Open-source Generic crawler framework yaycrawler-begins

Source: Internet
Author: User

Hello, everyone! From today onwards, I will use a few pages of text to introduce my open source work--yaycrawler, its Web site on GitHub is: Https://github.com/liushuishang/YayCrawler, welcome to the attention and feedback.

Yaycrawler is a distributed generic crawler framework based on WebMagic development, and Java is the development language. We know that there are many crawler frames, simple, complex, lightweight and weight-based. You may ask: where is the advantage of your reptile framework? Well, this is a very important question! In this opening, I first briefly introduce the characteristics of my reptile frame, the later chapter will be described in detail and explain its implementation, a picture wins thousands of words:

1, distributed: Yaycrawler is a Big Brother (Master) multi-brother (Worker) architecture (This structure is the truth of the Universe), of course, the eldest brother has a small secret (Admin) and external contacts.

2, versatility: We need to crawl a lot of different sites of data, the structure and content of the various sites have a great difference, basically most people are met a website to write a code, can not do the reuse of tools. Yaycrawler is trying to change the situation, abstracting the different parts, and using rules to guide the crawler to do things.
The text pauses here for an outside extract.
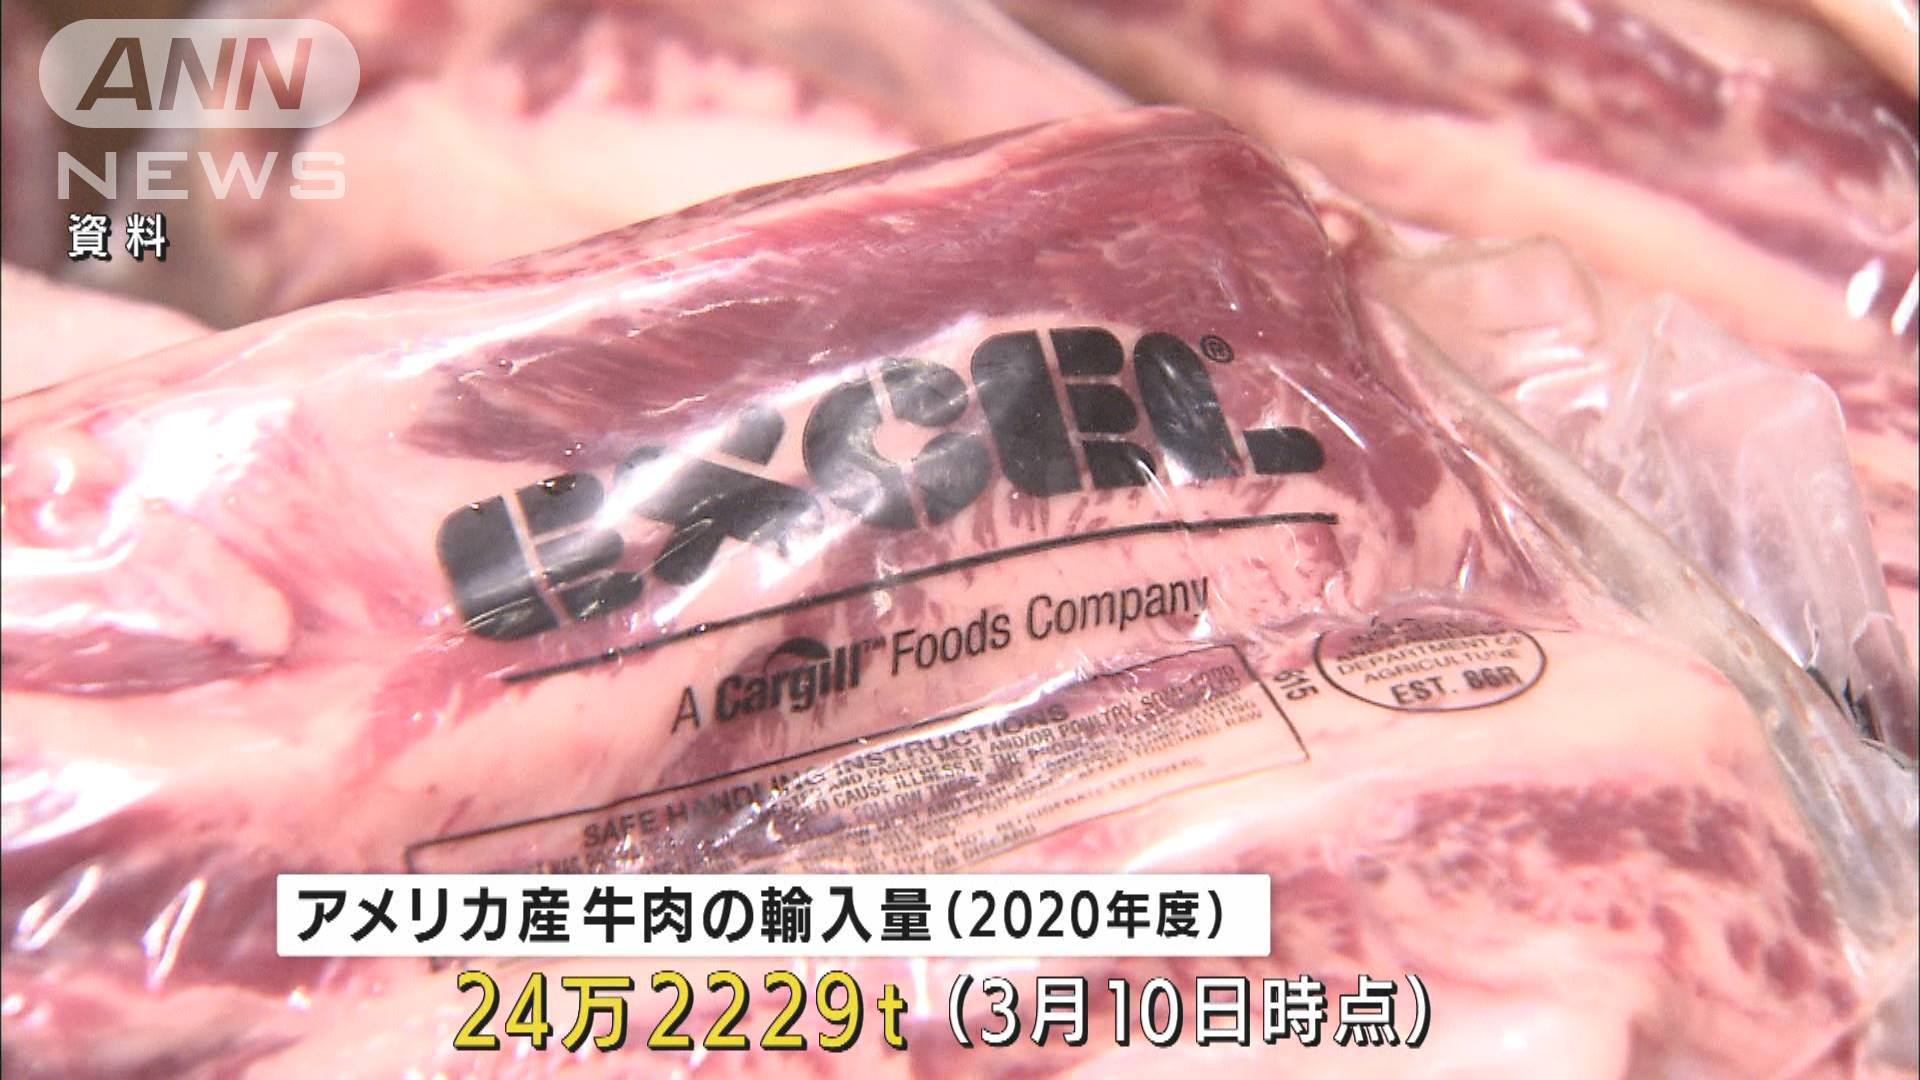 アメリカ産牛肉の輸入急増 セーフガード発令を発表 テレ朝news テレビ朝日のニュースサイト

This means that the user can configure the interface to crawl the data of a page rules, and so on when the crawler crawl this page will use this pre-configured rules to parse the data, and then persist the data.

3. Extensible Task queue: The task queue is implemented by Redis and has four different task queues depending on the state of the task: initial, execute, success, failure. You can also extend different task scheduling algorithms, which are fairly scheduled by default.

4, can be defined persistence mode: In the crawl results, the property data is persisted to MongoDB by default, the picture will be downloaded to the file server, of course you can expand more storage methods.

5, stability and fault tolerance: any one of the failed crawler tasks will be retried and logged, only the task is really successful to be moved to the success queue, failure will have a reason for failure description.

6, anti-monitoring components: website in order to prevent the crawler is also painstaking, think of a series of monitoring means to anti-crawler. As the opposite, we naturally have to have anti-surveillance means to protect our crawler tasks, the main factors currently considered are: cookie invalidation (need to login), brush verification code, IP (auto-agent).

7, you can set a scheduled refresh of tasks, such as updating a site every other day data.

......

It says a lot of advantages of the purpose of only one: I hope you will be interested to continue to watch, haha.

To get back to the beginning, this article is just an overview, now let's tidy up the structure of the following articles:

    1. Operating mechanism of open-source general crawler frame yaycrawler-Framework
    2. Extraction rule definition for open source Generic crawler Framework yaycrawler-page
    3. Open source Generic crawler Framework yaycrawler-task queue
    4. Open source Generic crawler Framework yaycrawler-page Downloader detailed
    5. Open source Generic crawler framework yaycrawler-rules Parser
    6. Open source Generic crawler framework yaycrawler-data persistence
    7. Open source Generic crawler Framework yaycrawler-anti-monitoring components
    8. Open source Generic crawler Framework yaycrawler-case Demo
    9. Open source Generic crawler framework yaycrawler-features to be perfected

Open-source Generic crawler framework yaycrawler-begins

Contact Us

The content source of this page is from Internet, which doesn't represent Alibaba Cloud's opinion; products and services mentioned on that page don't have any relationship with Alibaba Cloud. If the content of the page makes you feel confusing, please write us an email, we will handle the problem within 5 days after receiving your email.

If you find any instances of plagiarism from the community, please send an email to: info-contact@alibabacloud.com and provide relevant evidence. A staff member will contact you within 5 working days.

A Free Trial That Lets You Build Big!

Start building with 50+ products and up to 12 months usage for Elastic Compute Service

  • Sales Support

    1 on 1 presale consultation

  • After-Sales Support

    24/7 Technical Support 6 Free Tickets per Quarter Faster Response

  • Alibaba Cloud offers highly flexible support services tailored to meet your exact needs.